Abstract

Hartree–Fock interaction energy curves have been calculated for the X 2Σ+, A 2Π, and B 2Σ+ states of neutral LiHe and NaHe as well as for the ground state X 1Σ+ ions over a range of distances from 3 to 10 a.u. Since it is intended to apply these results to scattering problems, the variation of the dipole and quadrupole moments and the electronic transition probabilities with internuclear distance were also obtained. Both Slater-type functions and Gaussian-type functions were used as variational trial functions with the intention of gauging the efficacy of the Gaussian basis. Except for situations involving small energy minima the Gaussian basis yielded results accurate relative to the Slater basis.
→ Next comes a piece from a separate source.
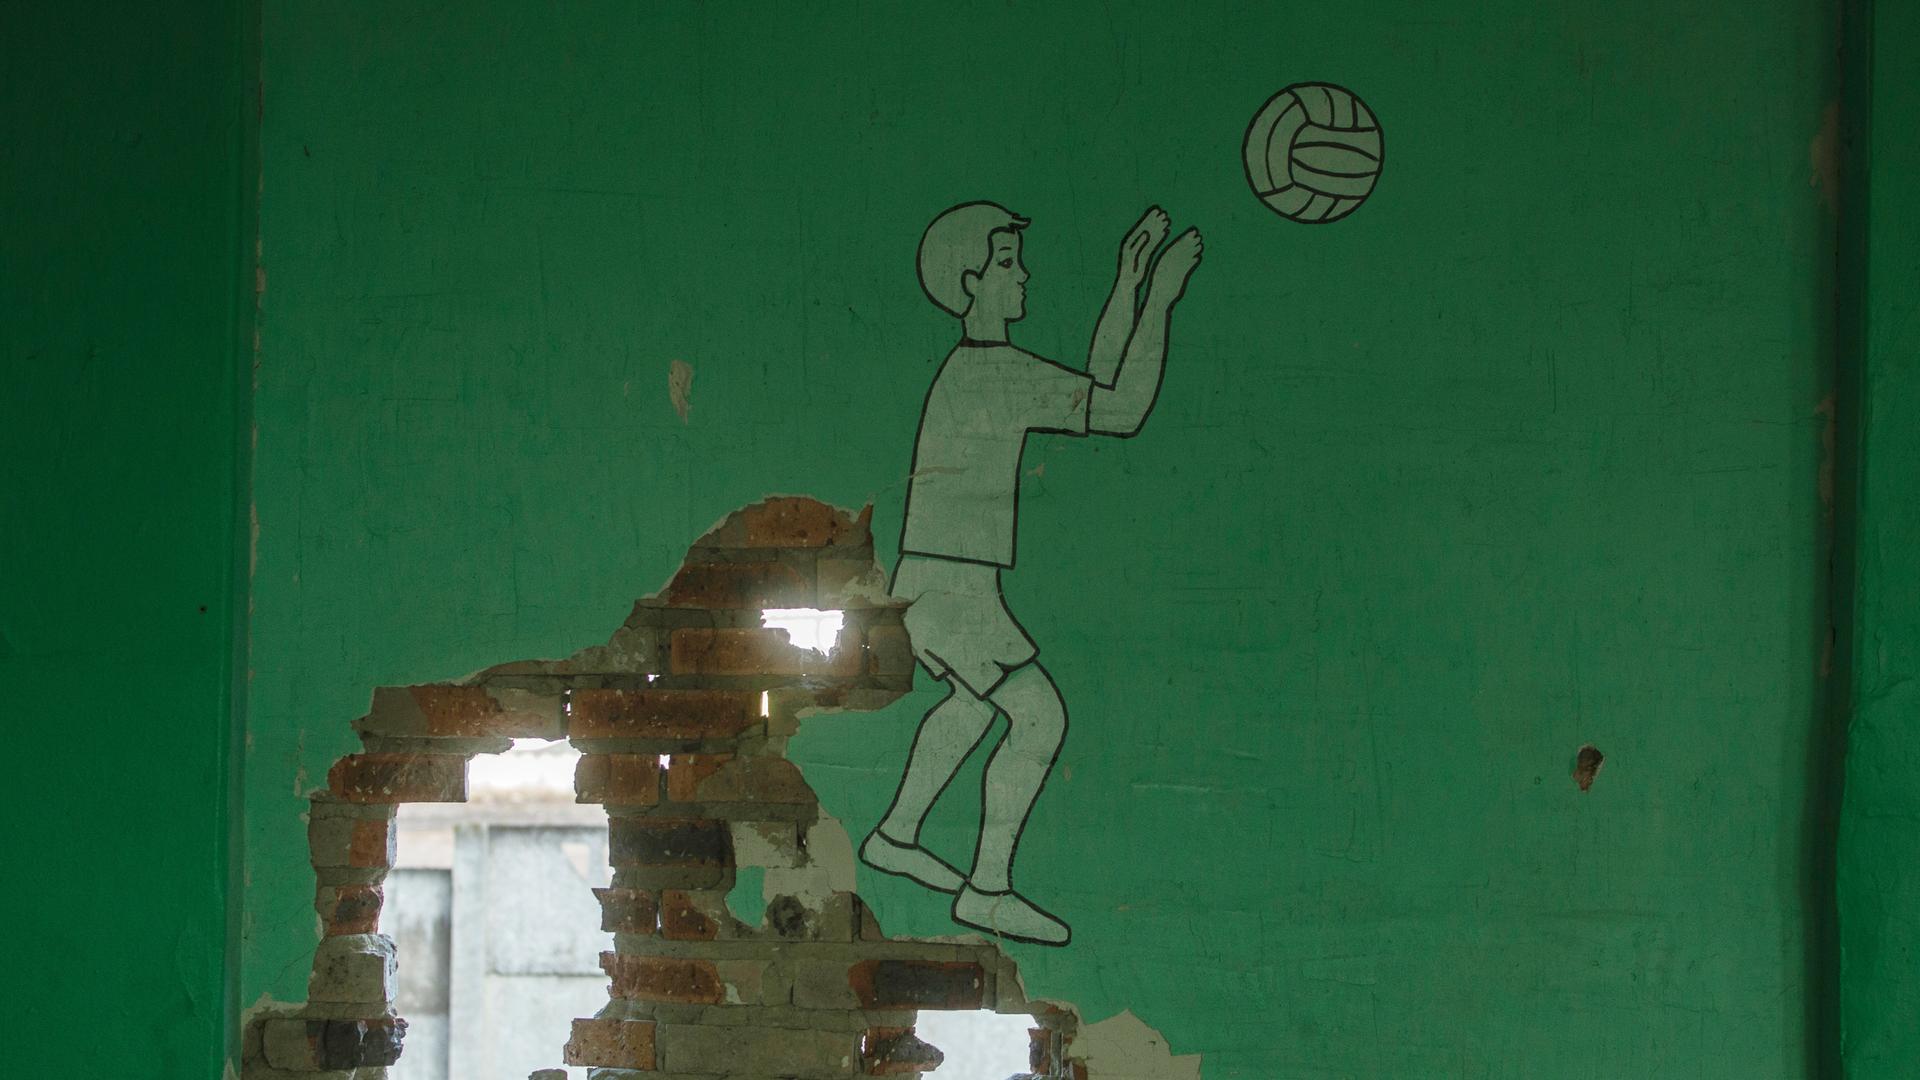 Eine durch militärischen Beschuss durchlöcherte Wand in einer Schule in Bakhmut, Gebiet Donezk. Auf der grünen Wand ist ein Junge beim Ball spielen abgebildet.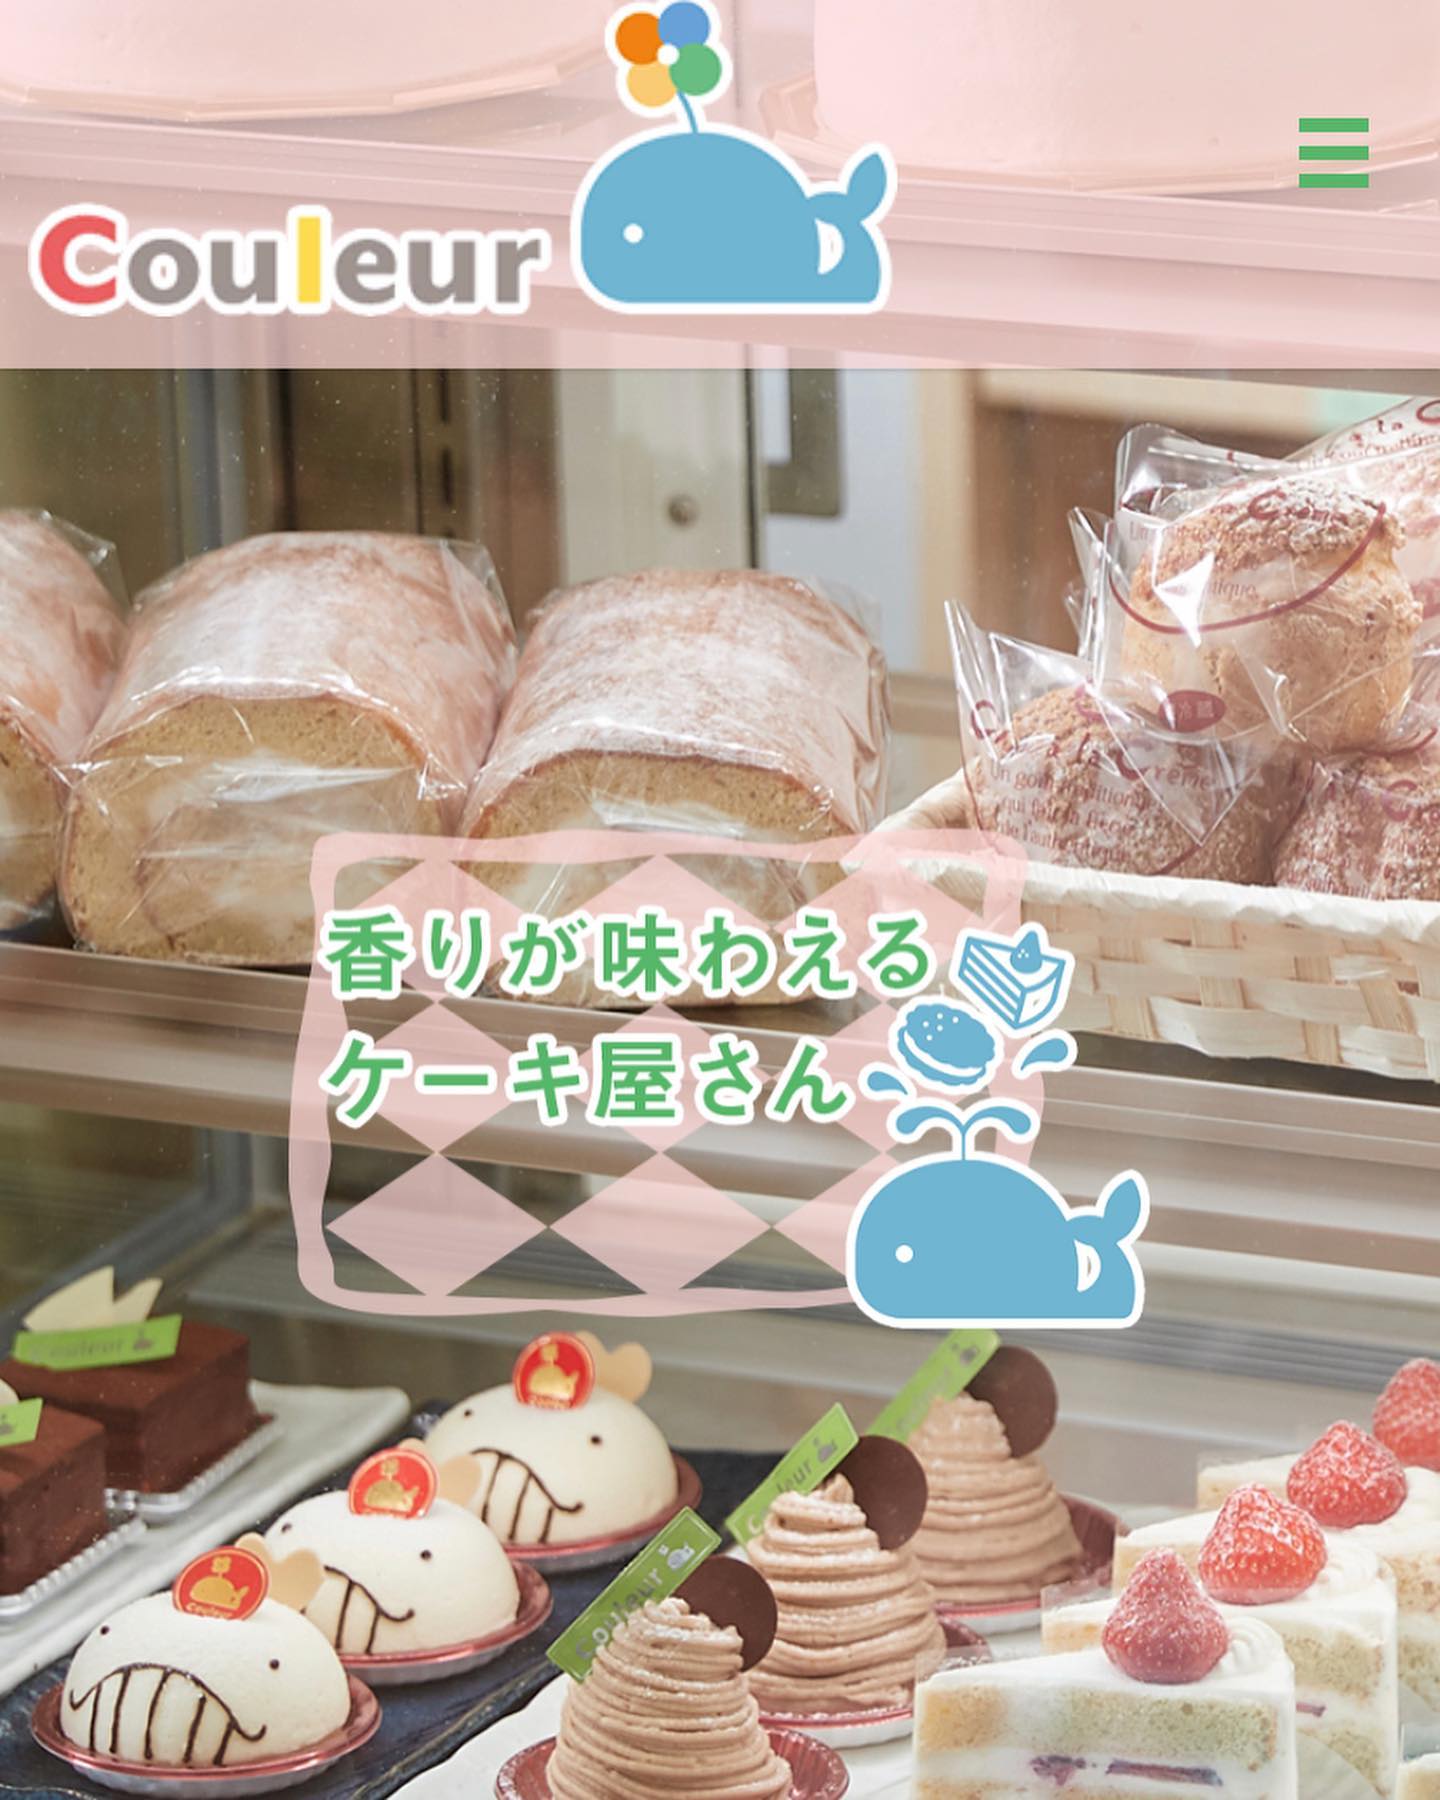 ．．こんにちは️この度、ＨＰができました🖥引き続き、Instagramでも情報を発信していきますが、こちらでもイベント等のご案内をいたしますので、よければ覗きにきてくださいなhttps://www.couleur-cake.jp/．※ケーキ工房Couleurは香りにこだわった商品を提供いたします♪#couleur #クルール#きび糖　#HP#沖縄 #okinawa#cake #sweets #ケーキ #スイーツ#デザート #coffee #コーヒー #珈琲#herbtea  #ハーブティー#ケーキ好きな人と繋がりたい #ハーブティー好きな人と繋がりたい

The features of the Hartree–Fock interaction energy curves can be summarized as follows: (1) The X 2Σ+ interaction energy is purely repulsive for both molecules to the accuracy of the present calculation. (2) The A 2Π and X 1Σ+ curves are strikingly similar for both Li and Na confirming the penetration of the He for this interatomic orientation. (3) The long-range repulsive behavior of the B 2Σ+ curve compared with estimates of the correlation energy shows that the internuclear distance dependence of the energy in the region of 10 a.u. is dominated by the Hartree–Fock repulsive curve. Charge-density plots have been obtained for all states and distances. These are used to illustrate the physical basis of the energy curves.